Did I mention I had never taken a maths course beyond Algebra 2?

But our professor was enthusiastic and encouraging and loved using metaphors to help our teenaged brains decipher challenging concepts. I have forgotten most of his analogies, but the ballooniverse stayed with me. Everything in the universe is moving away from everything else. Our future is distance.

Physics classes in high school still use this 3-d visual analogy

So it seems at present. Each of us moving away from one another. Defoe’s narrator says the best method of avoiding plague was to run from it.

But oh, my Beloveds, how I wish to be close to you.

Monumental

Historical record is a palimpsest, erased in whole or in parts and reinterpreted, rewritten, revised, rebuilt, restructured, reconsidered, and–often–reviled. In the USA, we are once again evaluating our statuary monuments. Columbus. Juan de Oñate. Mayor Frank Rizzo. General Robert E. Lee. 

What a society considers beautiful, or of aesthetic value, usually differs little from what it considers to be of cultural value. Such judgment seems natural; but it frequently provides societal blinders because citizens want to avoid what’s ugly, brutal, and complicated. If it’s good, it must be beautiful; if it is beautiful, and has been around a long time, it must be a good symbol for our society.

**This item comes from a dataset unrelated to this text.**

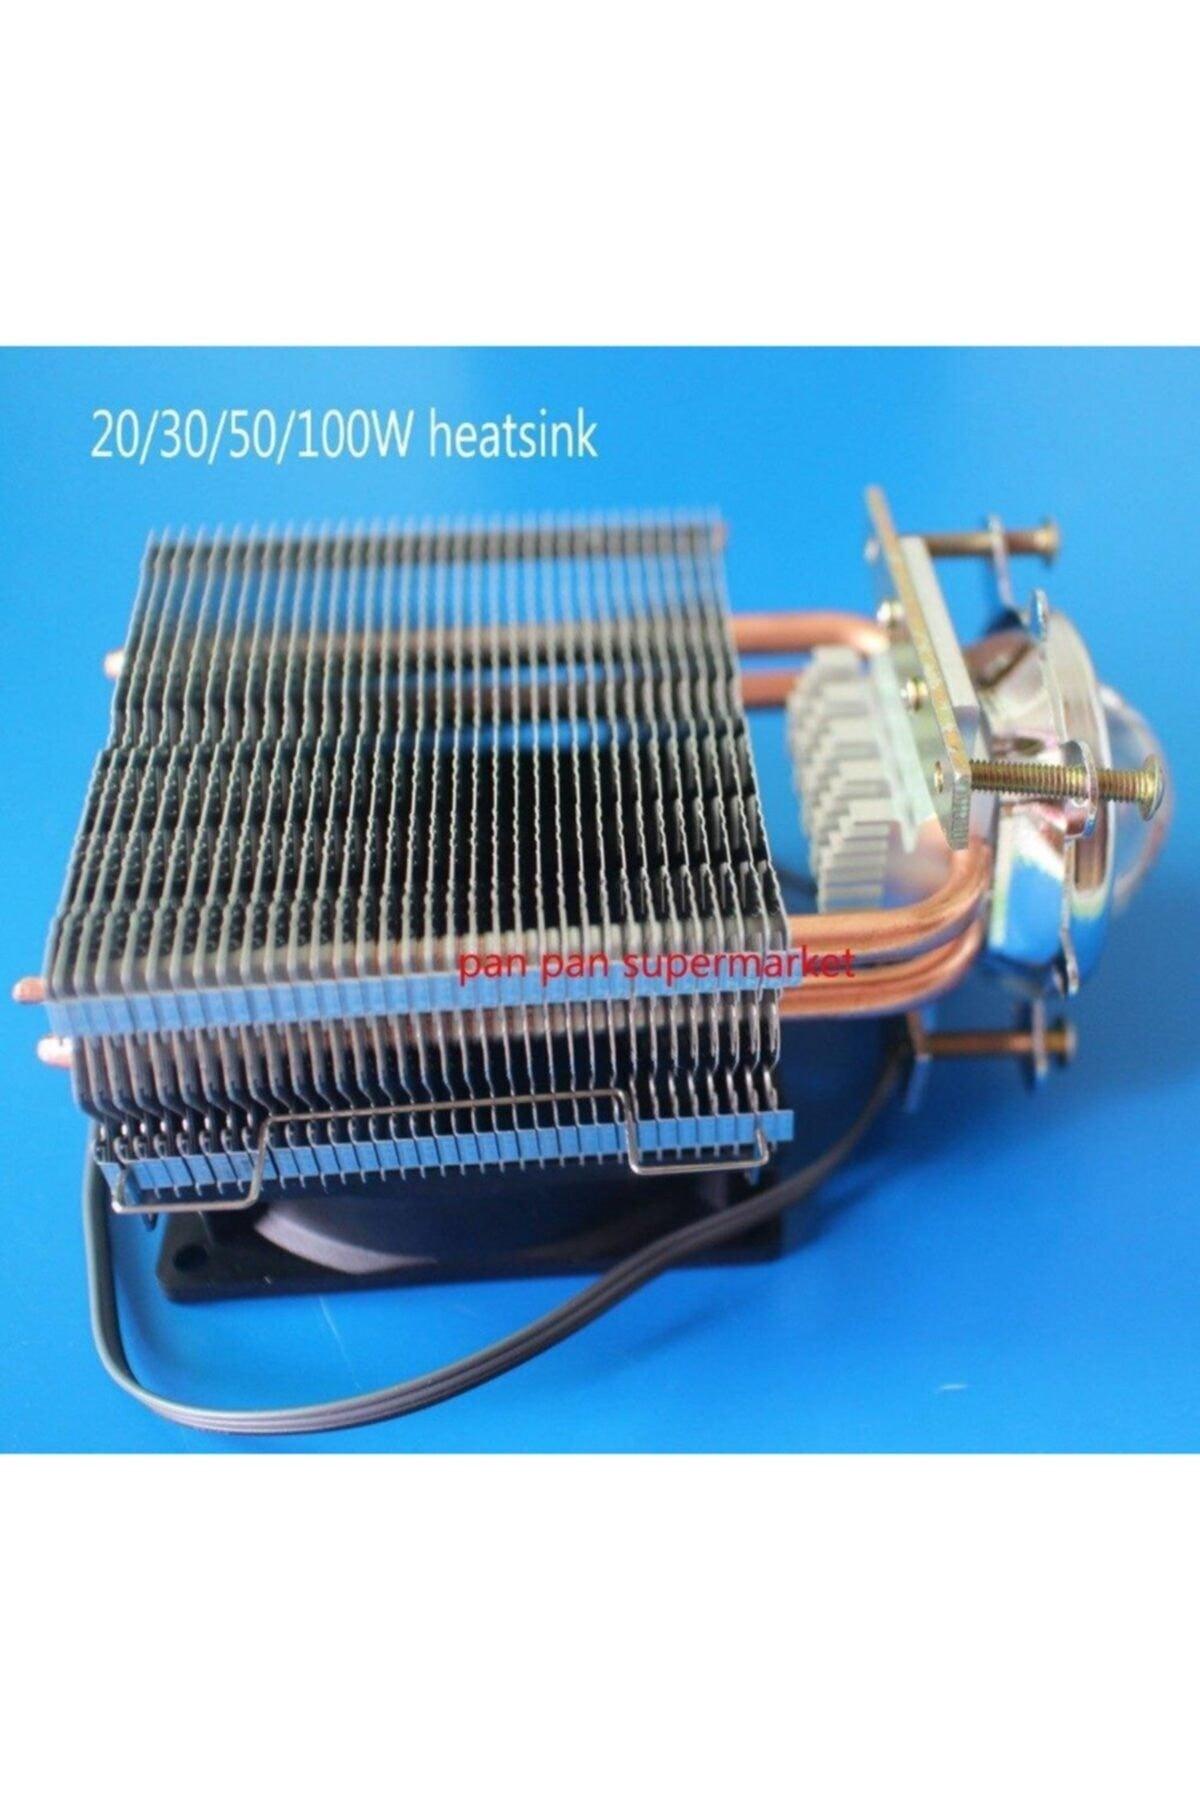 20w-100w Heat Sink Aluminum Fan For Led

One thing about a symbol is its simplicity–we think we know exactly what it stands for, and we can admire our own reflections about that shared idea. Except that human perspectives are annoyingly unique, and it turns out we cannot even agree about what a symbol represents, let alone what it means, and whether or not it should be interpreted in the context of the society that created the symbol or in light of the point of view of the person who now perceives it.

Monuments, though we think of them as commemorations or reminders, are intentionally raised up to become symbols or icons in a way at variance with the more common, individual headstones or grave markers. They are not art but society’s major markers. I learned about the difference a decade or so ago on a visit to the University of Pennsylvania Museum of Archaeology and Anthropology (Penn Museum). A tour group was walking through the Ancient Egyptian galleries, and one of the visitors asked the docent about how and when the artistic styles of the large sculptures changed.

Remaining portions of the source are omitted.